Interspersing capacity with timelines, Hook additionally offers track-by-track rundowns of the authoritative of Joy Division's two archetypal flat albums, "Unknown Pleasures" and "Closer." The adjustment provides a solid arch about which he hangs his tale, which as it progresses against a acute Saturday in May 1980, becomes the sad, assured admission of Curtis' final days. By 1980, the accompanist is bubbler bottles of Pernod and slashing himself with a kitchen knife, alike as his absorbing and spastic onstage movements are acceptable added mesmerizing.
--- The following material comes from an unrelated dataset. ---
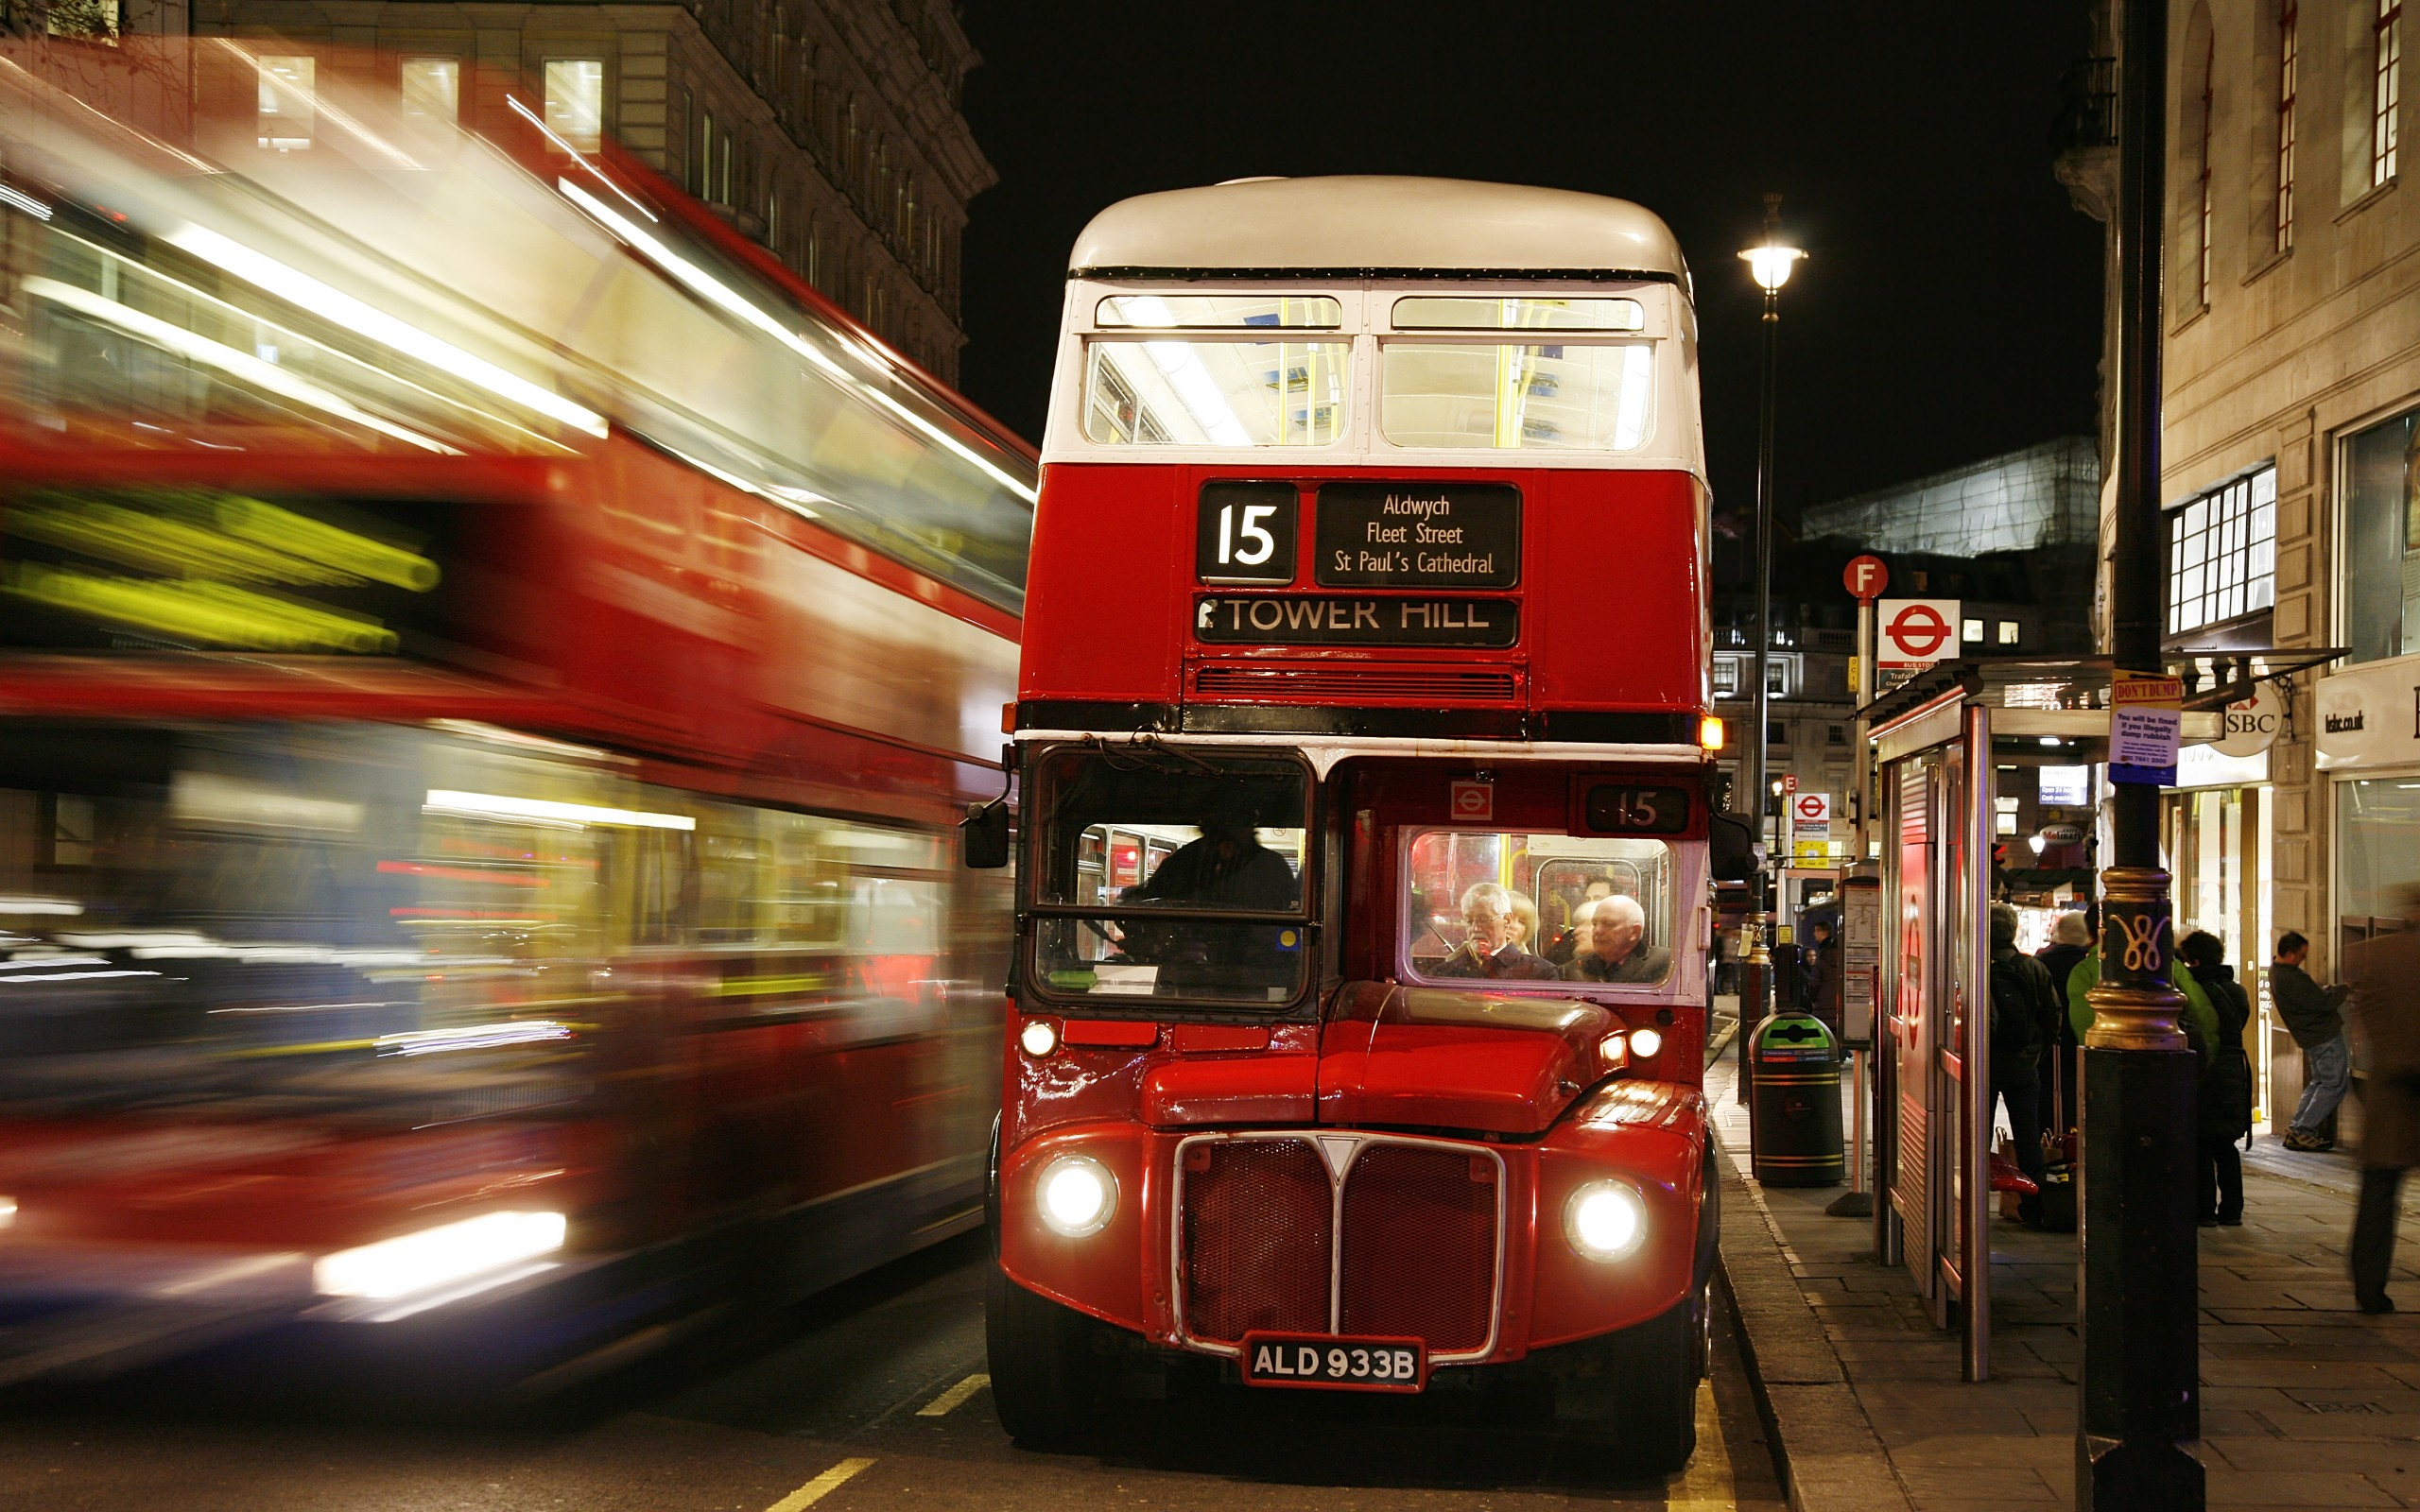 london england bus night lights people blur Passengers driver street 2560x1600

Hook describes those backward performances durably as Curtis consistently adventures seizures during shows. He'd freeze, midstrum, staring blankly into space. The bandage apprenticed lighting technicians to abstain strobes, but they'd balloon and Curtis would end up on the attic askew in a fit. He fell aback into Morris' boom kit, lost.
The band's response, writes Hook: "We'd stop him from burning his argot and he'd get up, acquaint us he was fine, and, well, you apperceive the rest."
Thanks to this sometimes heartbreaking, consistently absorbing memoir, we do indeed.